Visiting Artist - Nancy Stark Smith

April 16-18, 2015

Internationally renowned dancer and leading figure in Contact Improvisation, Nancy Stark Smith will be in residence at the Ohio State University Department of Dance April 16-18 as part of a collaboration with Norah Zuniga Shaw, Associate Professor of Dance. The residency will include a series of workshops for OSU students as well as a full-day workshop in embodied research that is open to the public drawing on Stark Smith and Zuniga Shaw’s collective experience.

Thursday, April 16 
Collaborative Research with Norah Zuniga Shaw at ACCAD

Friday, April 17 
Contact Improvisation Class (for current Dance Majors and Grads, limited to 25 participants)
10:20am - 2:40pm, Studio 390, Sullivant Hall
Register for this class here.

Saturday, April 18 
Dance Improvisation Workshop - Embodied Research: The Trace is Not the End
10:00am - 5:00pm, Studio 390, Sullivant Hall
$55 (Participation Fee) - Register here.
$15 (OSU students) - Register here.

This workshop for experienced improvisers brings participants into an experience of embodied research that integrates analytical and creative processes of scoring. Participants will work together to discover how a full range of ideas and questions contained within dance can be moved, traced, transmitted, communicated, and used to catalyze new creative activity in dance and beyond. The workshop will include movement, observation, writing, drawing, and discussion in a cycle that always returns to the body in motion. A range of interdisciplinary creative methods and movement practices, including some contact improvisation, will be used.   

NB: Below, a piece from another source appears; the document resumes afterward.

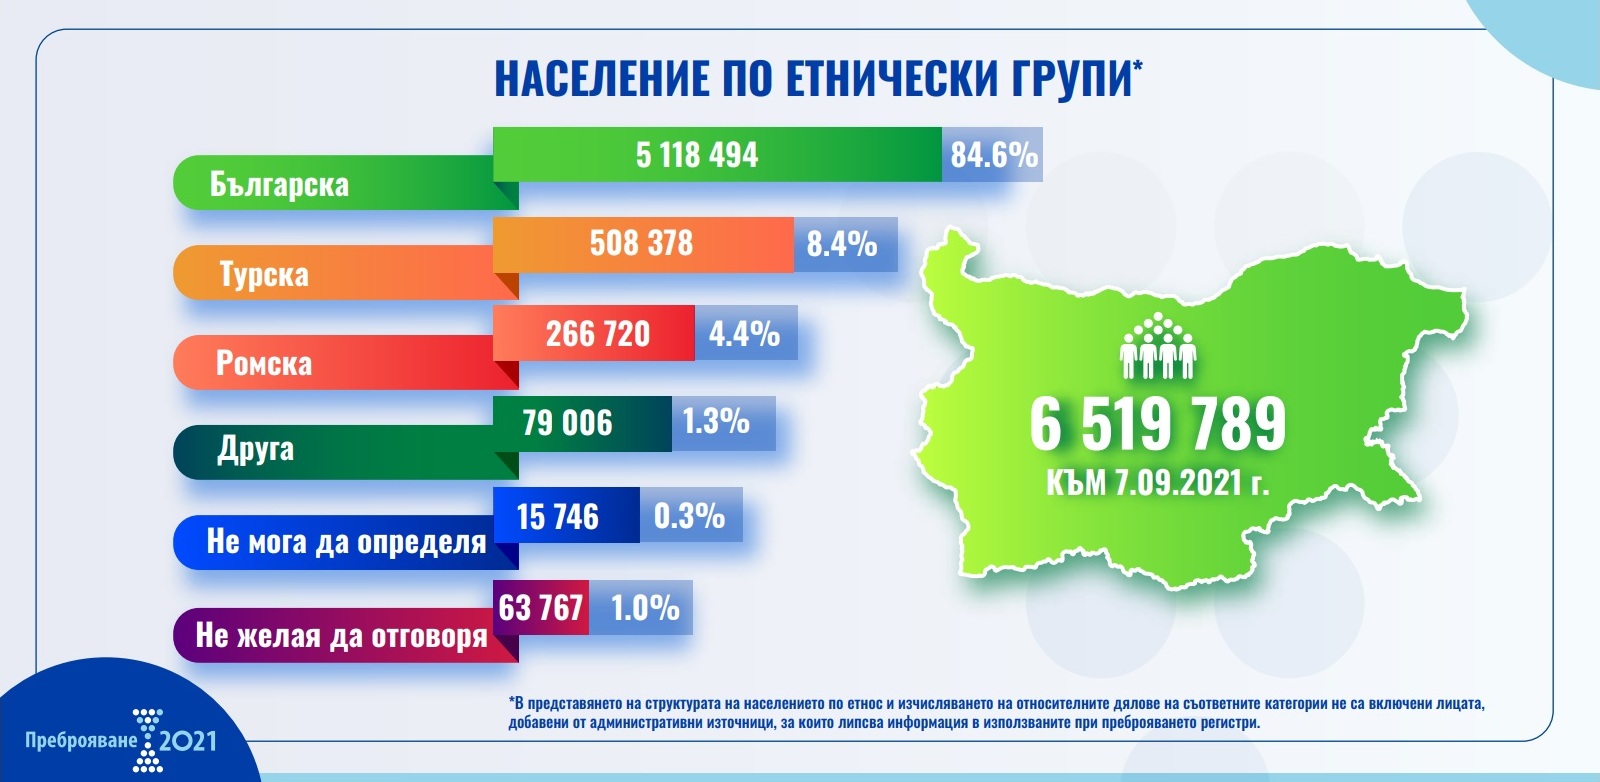 Bulgaristan’da nüfus sayımında 508 bin 378 kişi kendini Türk olarak tanımladı

Still from annotated video illustrating the complex system of cueing in One Flat Thing, reproduced. Credit: Synchronous Objects Project, The Ohio State University and The Forsythe Company.

The residency is part of the Department of Dance’s exploration of embodied practice as research and the role of technology in communicating dance knowledge, inspired by Zuniga Shaw’s research questions and leadership in Dance and at ACCAD. Stark Smith’s residency follows the launch of Zuniga Shaw’s most recent work focusing on dance improvisation, a collaboration with animator Maria Palazzi for Motion Bank entitled TWO: Dancing Mind Thinking Body (http://scores.motionbank.org/two/)

Nancy Stark Smith danced in the first performances of Contact Improvisation with Steve Paxton and others in 1972 in NYC and has since been central to its development as dancer, teacher, performer, writer/publisher, and organizer. She travels worldwide teaching and performing with many favorite partners and performance makers including Ray Chung, Karen Nelson, Andrew Harwood, Julyen Hamilton, and musician Mike Vargas. In 1975, she cofounded Contact Quarterly dance journal, which she continues to co-edit and publish. Her first book, Caught Falling: The Confluence of Contact Improvisation, Nancy Stark Smith, and Other Moving Ideas, was released in 2008.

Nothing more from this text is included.